18 de agosto: A justiça federal, após recurso da União e da Marinha, revogou a decisão liminar que pedia o retorno do navio. O Ibama, então, responde à Turquia que não havia objeção judicial à exportação
26 agosto: A Turquia decide cancelar autorização para exportação. Em seguida, o Ibama comunica a Ocean Prime sobre a decisão e suspende a sua autorização
30 agosto: O Ibama reafirma às autoridades turcas que não havia pendência judicial contra a exportação, mas diz que acata a decisão do cancelamento da exportação. O instituto ainda pede para que o governo turco compartilhe se a Convenção de Basileia (organização internacional que trata de exportação de amianto) tomou alguma medida legal sobre o assunto
7 de setembro: O rebocador holandês mudou o itinerário da viagem, e iniciou o retorno ao Rio de Janeiro, previsto para 2 de outubro.
A novela do porta-aviões
A reconstituição da saga do navio, comprado da França pelo Brasil nos anos 2000 e que teria navegado só 206 dias no Brasil, mostra como o porta-aviões se tornou tecnologicamente defasado e com potencial poluente. Vendido como sucata, poderá render em torno de R$ 100,4 milhões, quase dez vezes mais do que ao valor de venda. A Marinha cogitou outro destino para o São Paulo. Em 2019, após desistir de um projeto de modernização que custaria R$1 bilhão, procurou especialistas para traçar alternativas de descarte ou reutilização para o porta-aviões São Paulo, na época recém-desativado.
Especialista em transporte marítimo, logistica e construção naval, o engenheiro Jean Caprace, da Politécnica-UFRJ, sugeriu um modelo matemático para indicar o melhor custo-benefício entre as possibilidades de desmonte. A ideia não foi acatada.
— O que mais me surpreende é o interesse de uma empresa estrangeira. Devem ter feito muitos cálculos, mas é um negócio de alto risco, inclusive o de ter mais amianto a bordo que o declarado. Há compartimentos totalmente inacessíveis, que só serão descobertos quando abrirem — avisa Caprace.

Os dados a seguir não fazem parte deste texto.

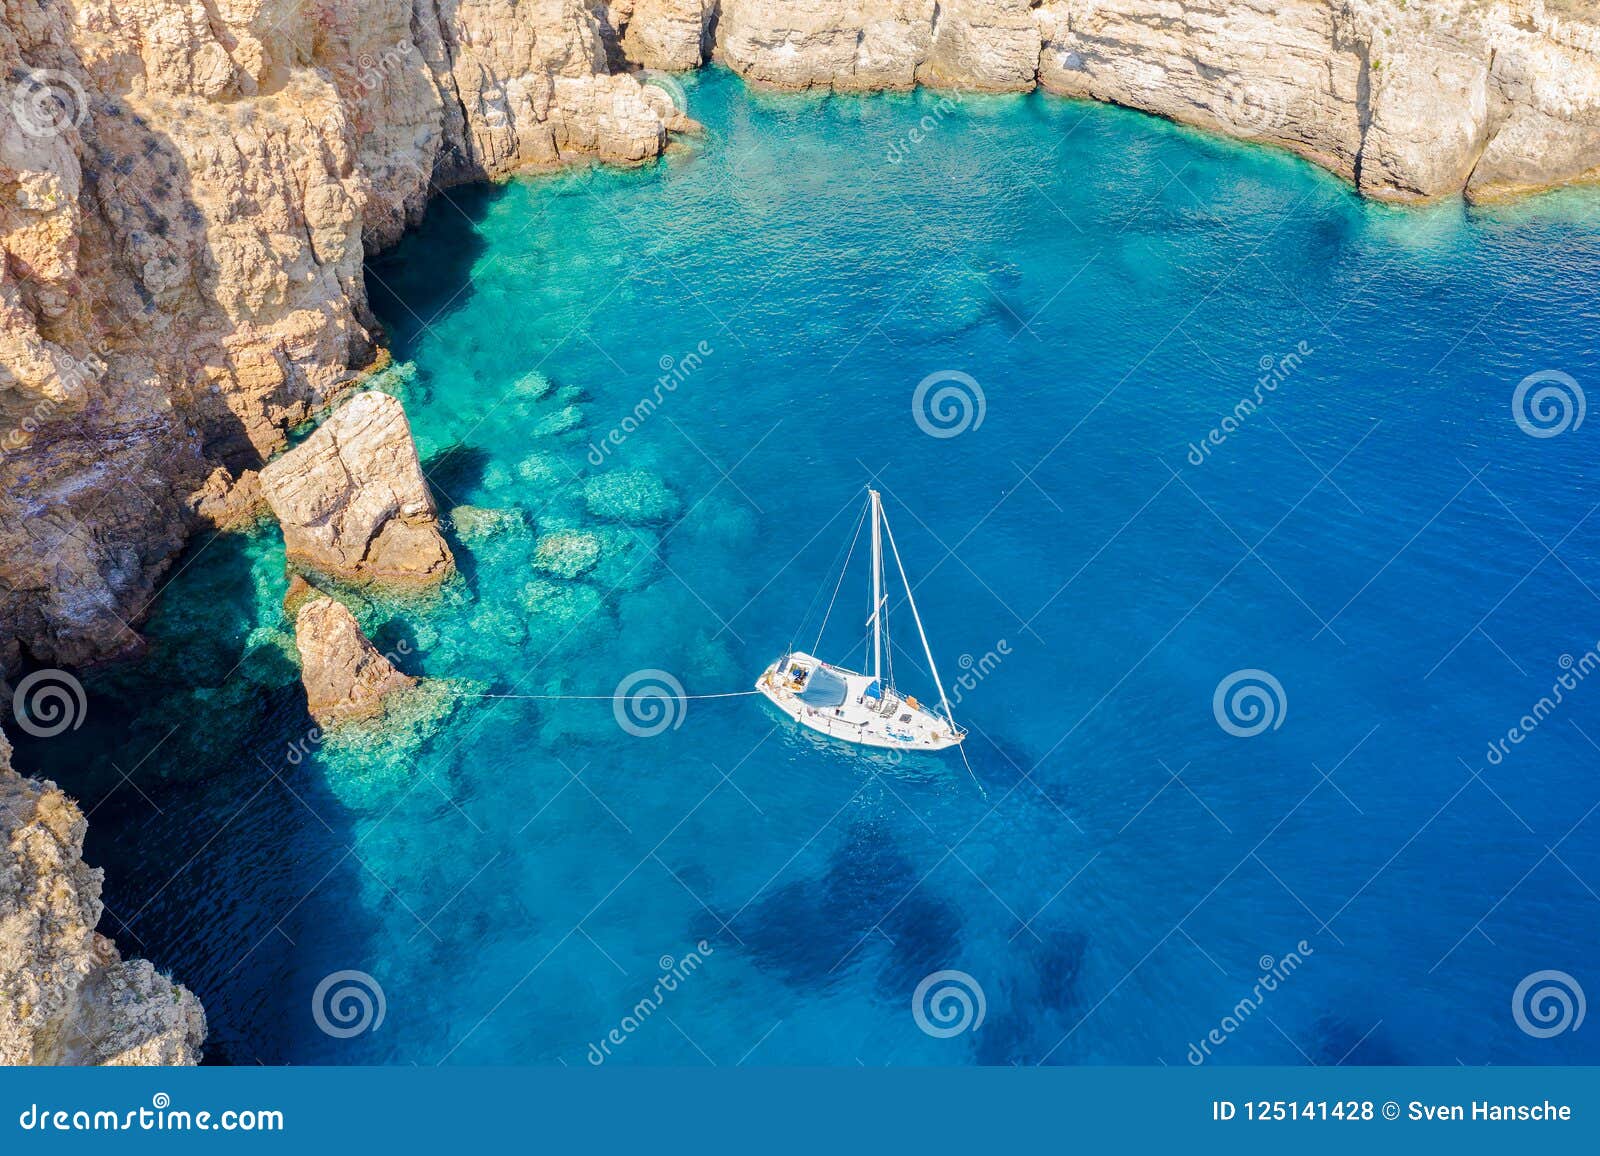 aerial view of a sailing boat in the aegean sea, greece

Quando ainda era da França, o porta-aviões esteve em frentes de batalha na África, no Oriente Médio e na Europa. Com 266 metros de comprimento e 32,8 mil toneladas, a embarcação, explica Caprace, exige cálculos muito precisos e complexos para determinação de valores de venda. Pelo contrato firmado com a França, o São Paulo precisaria ser esvaziado para ser revendido. Os gastos para transportar a embarcação, que, desativada, passa a ser oficialmente “casco de navio”, atingem a casa dos milhões de dólares.